The `openai.ChatCompletion.create()` function is at the core of building intelligent and responsive AI applications. With a range of customizable parameters, it offers developers precise control over how the AI responds to user prompts. 

In this blog, we’ll break down each parameter and provide insights on when and how to use them effectively.

## Understanding the `openai.ChatCompletion.create()` function

The `openai.ChatCompletion.create()` function enables developers to interact with OpenAI’s models for generating conversational responses. 

By configuring parameters, you can customize responses to suit specific tasks such as chatbots, content generation, or structured Q&A systems.

In [5]:
from openai import OpenAI 
from dotenv import load_dotenv 
import openai

load_dotenv()
openai.api_key = 'OpenAI_API_KEY'

from openai import OpenAI
client = OpenAI()

In [None]:
# basic structure

response = client.chat.completions.create(
    model="gpt-3.5-turbo",
    messages=[
        {"role": "system", "content": "You are a helpful assistant."},
        {"role": "user", "content": "Who won the World Series in 2020?"},
        {"role": "assistant", "content": "The Los Angeles Dodgers won the World Series in 2020."},
        {"role": "user", "content": "Where was it played?"}
    ]
)

print(response.choices[0].message.content)


The 2020 World Series was played at a neutral site due to the COVID-19 pandemic.
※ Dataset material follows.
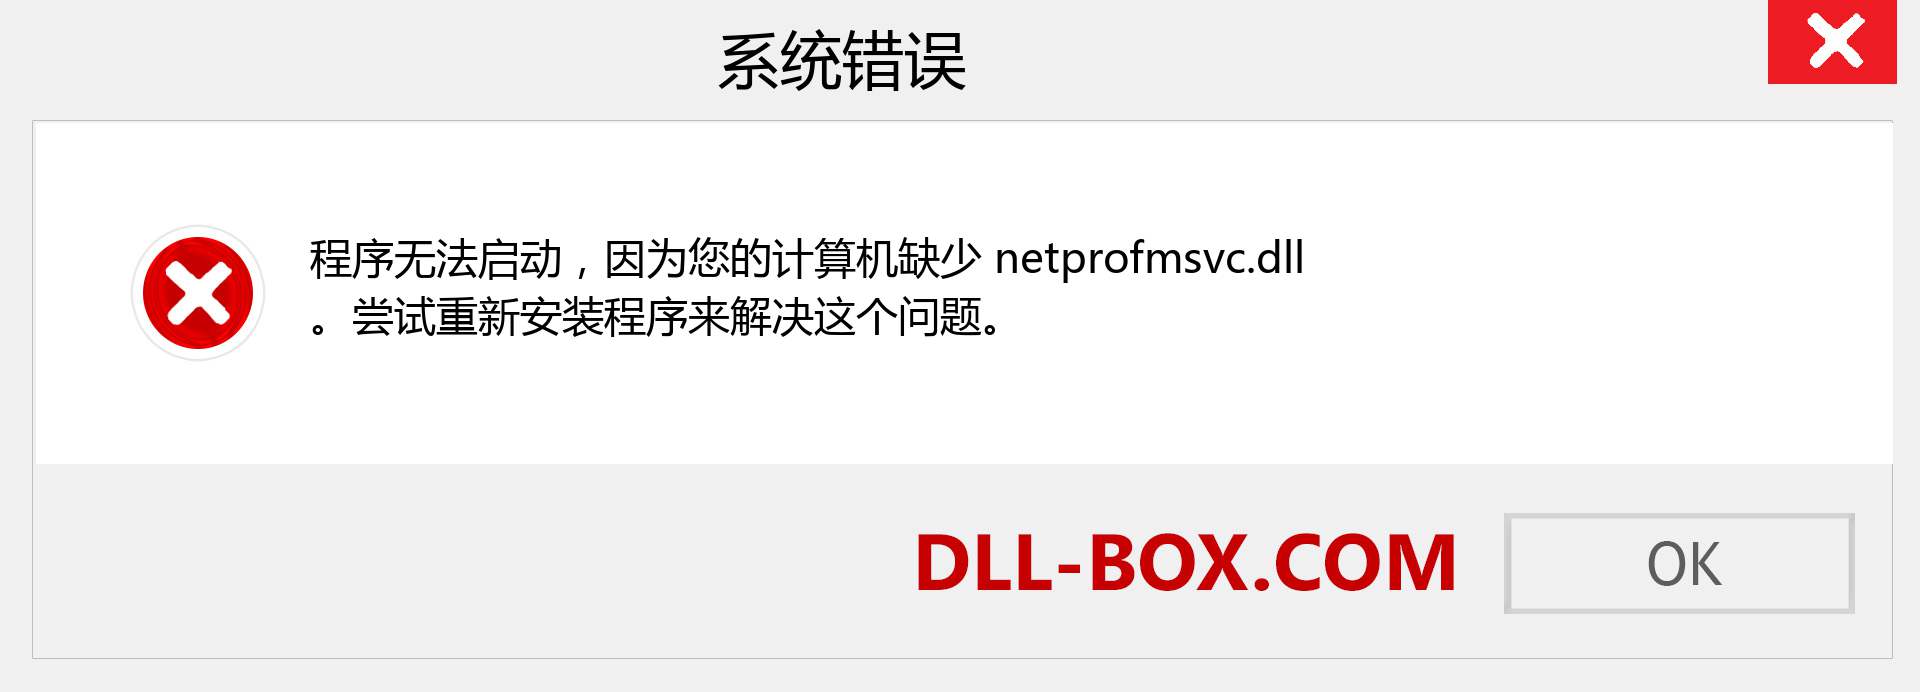 netprofmsvc.dll 文件丢失？。 适用于 Windows 7、8、10 的下载 - 修复 Windows、照片、图像上的 netprofmsvc dll 丢失错误

The games were held at Globe Life Field in Arlington, Texas.


Here, we pass the `model` parameter specifying the model (e.g., "get-3.5-turbo"). 
The messages parameter is an array of message objects, each having a "**role**" ("**system**", "**user**", or "**assistant**") and "**content**" (the actual text of the message).

1. `system` role: Context and Behavior Setting
The `system` role sets the tone and behavior for the assistant throughout the conversation. It serves as the overarching instruction to guide how the AI responds. For instance:

* "You are a helpful assistant."
* "You are a coding assistant proficient in Python."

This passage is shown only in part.